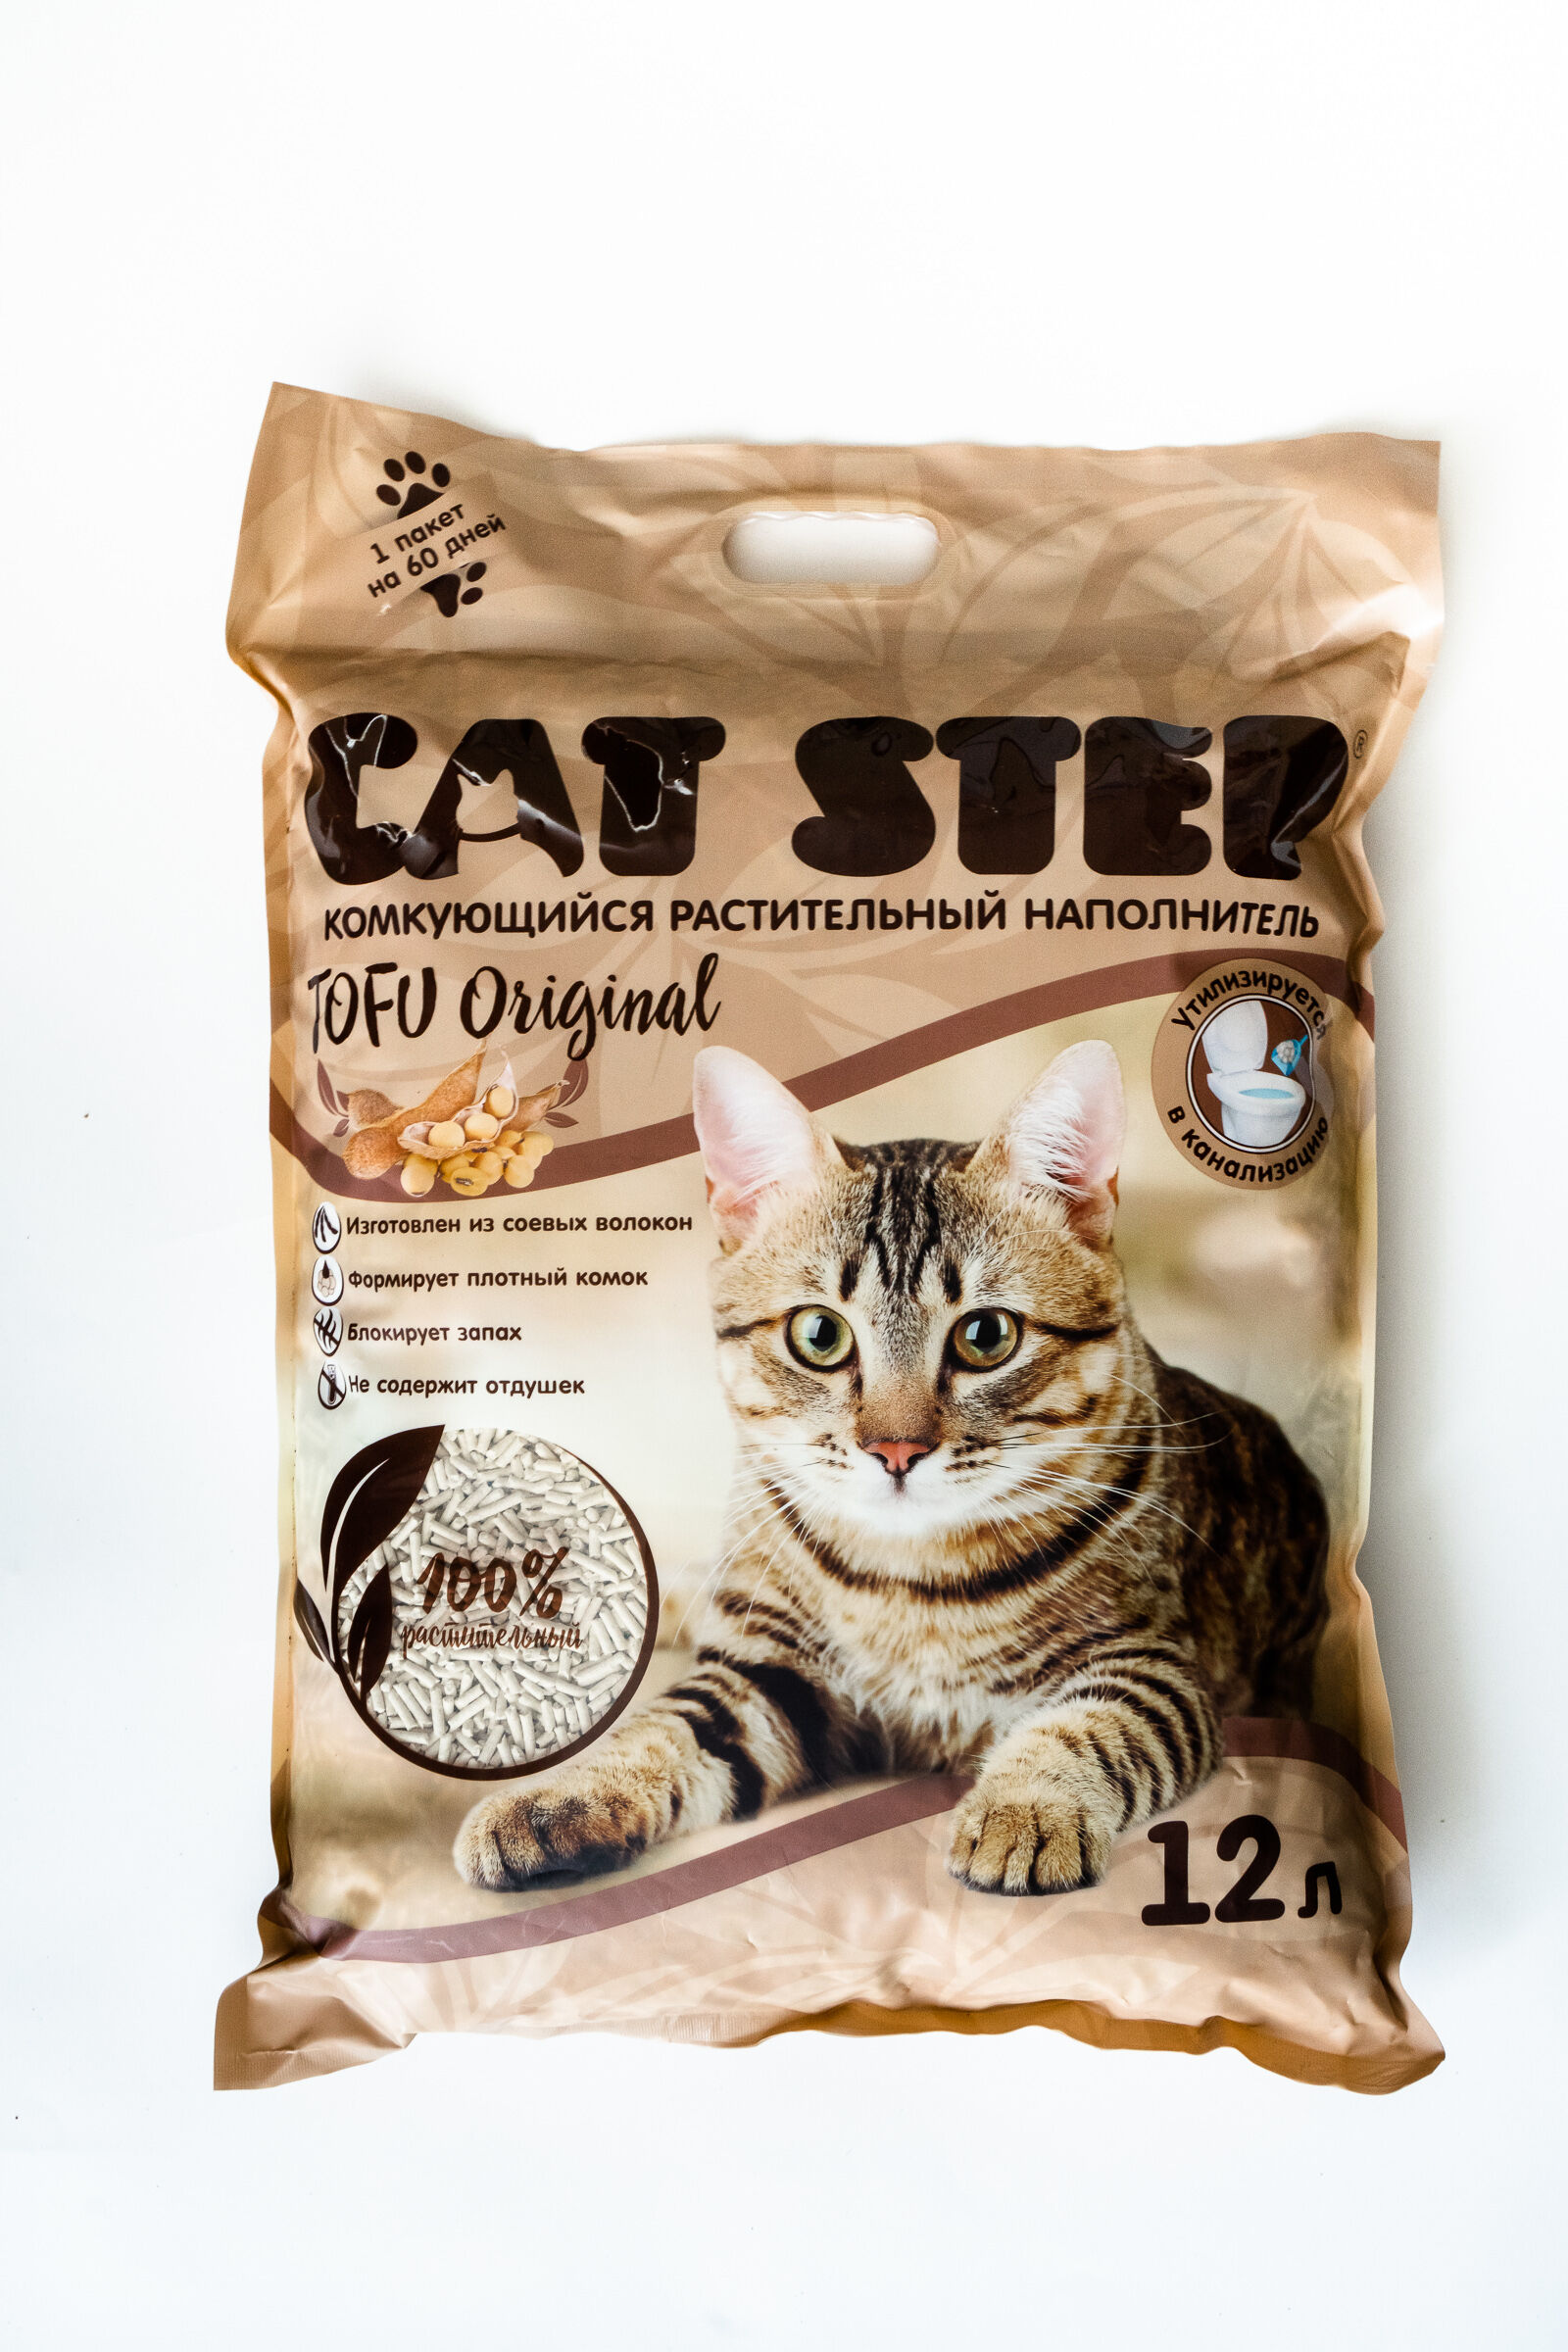 Наполнитель комкующийся растительный CAT STEP Tofu Original,12л
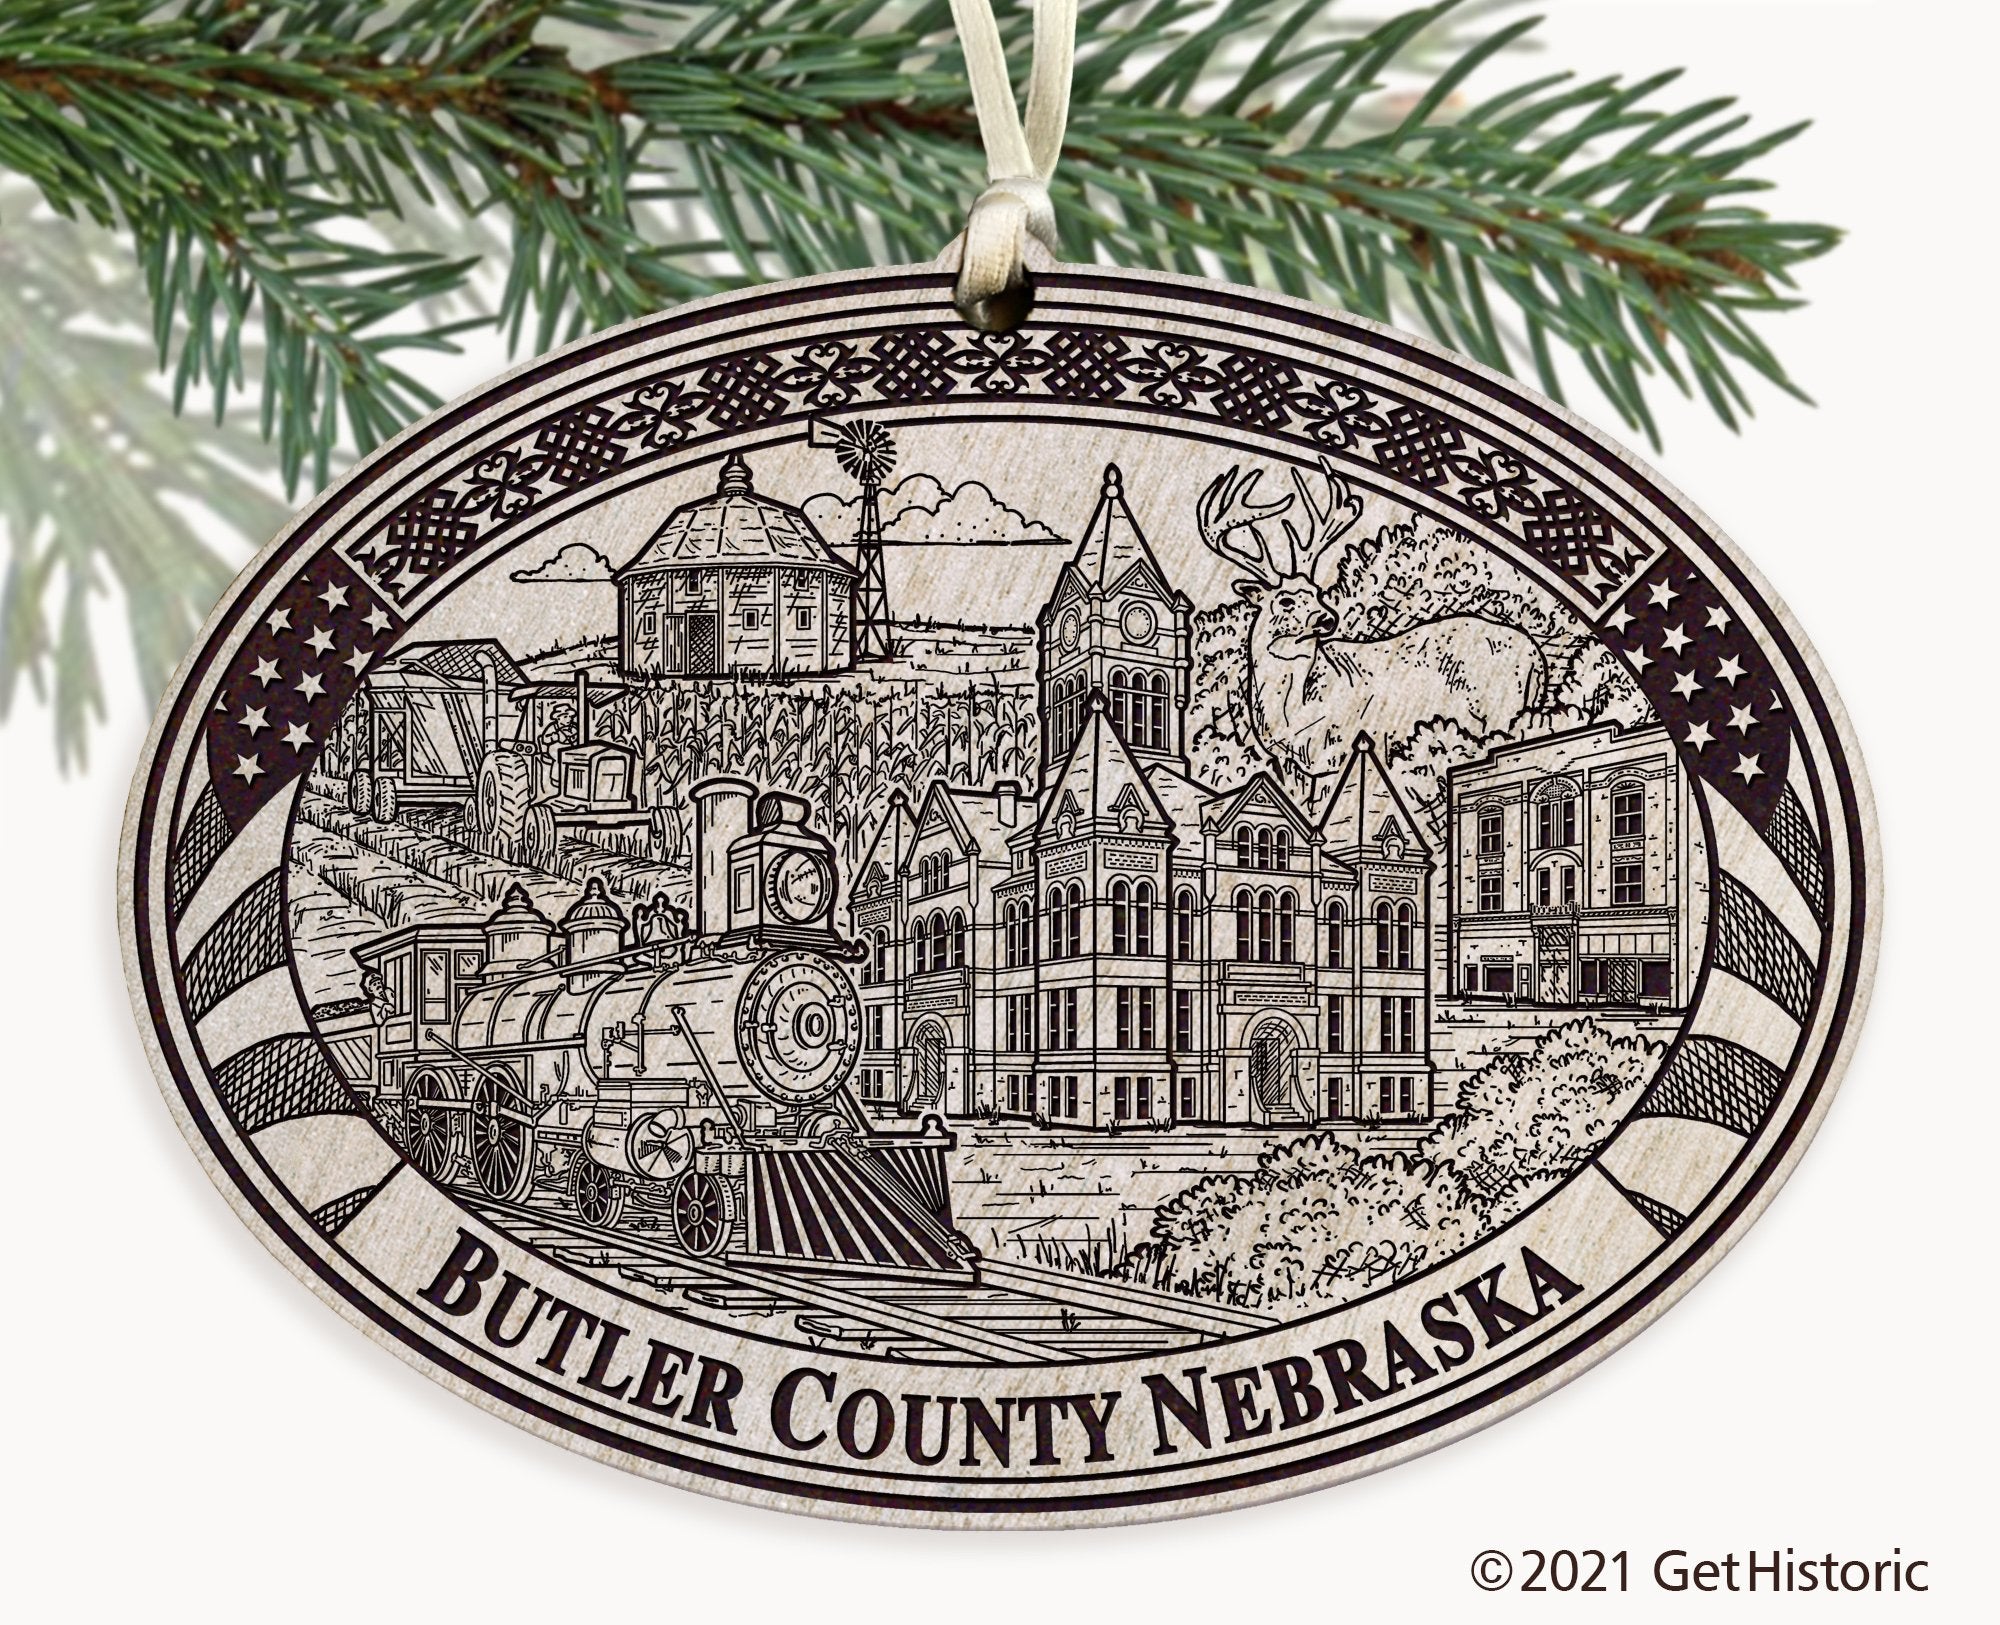 Butler County Nebraska Engraved Ornament
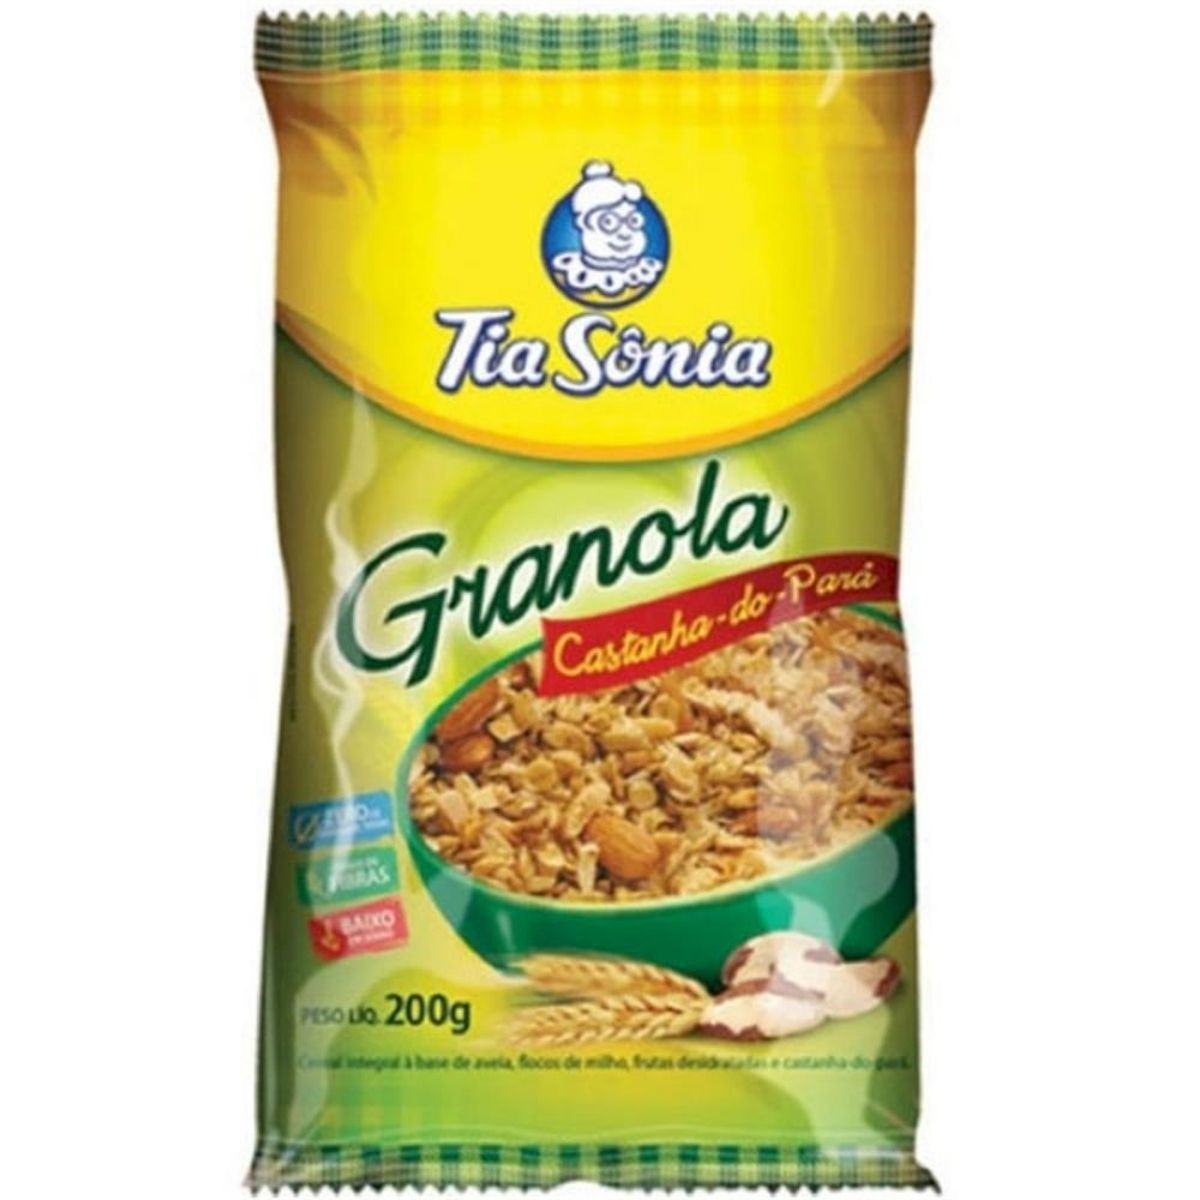 granola-castanha-do-para-tia-sonia-200g-1.jpg

....................

_What needs to be done_
From the first line to the last, write out the data exactly, dropping any pictures.

_Solution_
 Наполнитель комкующийся растительный CAT STEP Tofu Original,12л
 Butler County Nebraska Engraved Ornament
 granola-castanha-do-para-tia-sonia-200g-1.jpg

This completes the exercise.